No doubt the Propellerheads and Shirley Bassey said it best in their smash 1998 hit, which claims: “It’s all just a little bit of history repeating.”
Whether he was ever a fan of the song or not, there’s a good chance Scott Brash is hoping the Welsh chanteuse knew what she was talking about.
This week, one of the most hotly anticipated events on the show jumping calendar, the Rolex Grand Prix of CHIO Aachen, returns on Sunday, July 6. And, if one of the names on the startlist happens to belong to Brash, the significance isn’t likely to be lost on him.
After all, it’s been 10 years since the rider for Great Britain took home this same class and the second of his three, consecutive Major wins earning him the title of the Rolex Grand Slam of Show Jumping—the first and only time in history it’s been accomplished.
Brash was second in the Rolex Grand Prix of Aachen with Hello Jefferson two years ago, and whether another win or Grand Slam run is in his purview this year (or not), one thing is clear from the numbers: 2025 is already turning out to be a very big season for the 39-year-old Scottish rider.
Brash kicked off his year with a 1.60m, 5* win in Doha aboard Hello Folie, his first victory in a class of that magnitude since the FEI World Cup qualifier in London in 2022. In May, he and the much-buzzed-about Hello Chadora Lady won the LGCT Grand Prix in Shanghai, following it up with another triumph in June with Hello Jefferson in the CSIO5* Longines Grand Prix of Switzerland at St. Gallen.
Brash hasn’t slowed down. Just a few of weeks ago, he and Hello Chadora Lady—owned, along with the rest of Brash’s ‘Hello’-prefix horses, by Lady Pauline Harris and Lady Pauline Kirkham—took the LGCT Grand Prix of Ramatuelle, St. Tropez. That victory earned Brash and the 12-year-old OS mare their second golden ticket of the season toward the Longines Super Grand Prix in Riyadh this fall.
If you’ve been counting along at home, that brings Brash’s total to 4, 1.60m, 5* Grand Prix victories this year, a number the ties him for first place in the rankings with none other than the reigning World no. 1, Kent Farrington, according to Jumpr.
Brash narrowly leads the American rider, however, in earnings this year, topping the chart at €1,118,661 compared to Farrington’s €1,017,750. What’s more, if his luck holds, he’s poised to make more money in 2025 than his own last three years combined: Mid-way through the season, Brash is less than $274,000 away.
But that’s not the only reason that Farrington might want to keep an eye on his six.
If his past performances are any indication, good things happen for Scott Brash after he gets the monkey of a gold-medal-winning-Olympic-performance off his proverbial back. Take his first team gold in London back in 2012 with the legendary Hello Sanctos.

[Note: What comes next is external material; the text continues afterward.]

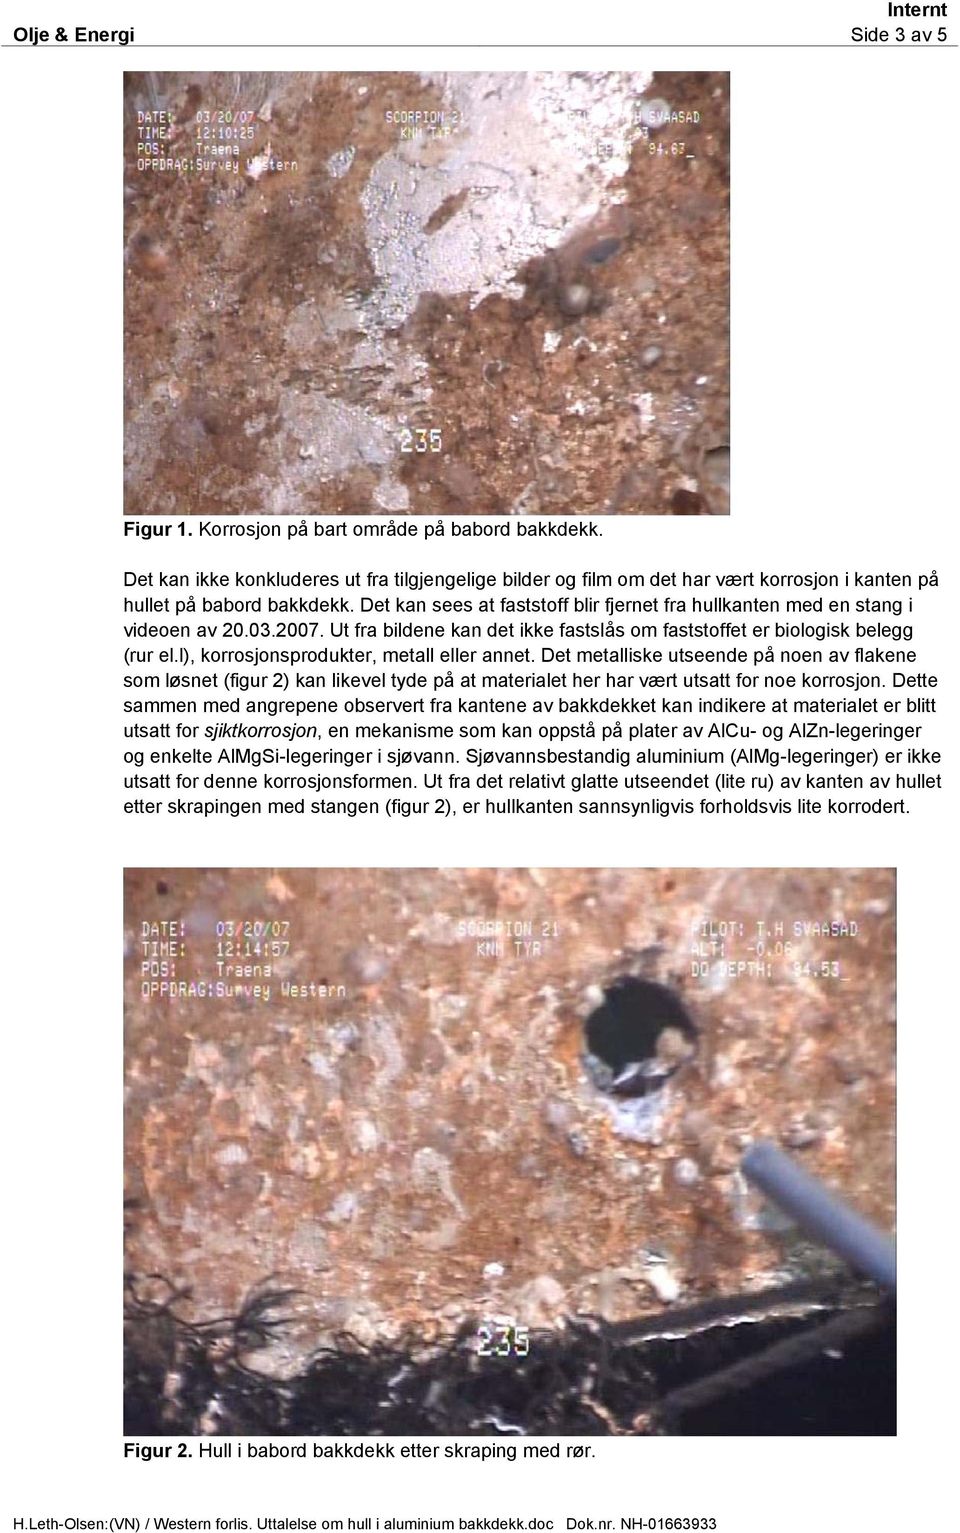 Det kan sees at faststoff blir fjernet fra hullkanten med en stang i videoen av 20.03.2007. Ut fra bildene kan det ikke fastslås om faststoffet er biologisk belegg (rur el.

That particular milestone kicked off a series of wins and podium finishes that would lead to Brash taking over the World no. 1 spot, himself, the following December—a position he held for well over a year. Twelve months after that, he would win the first of three, consecutive victories comprising the Rolex Grand Slam at CHI Geneva in 2014.
In other words, if his dramatic climb of more than 40 places up the Longines Rankings to #20 in the world in less than 12 months is any indication, the history repeating for Scott Brash in the next few months could be very big, indeed.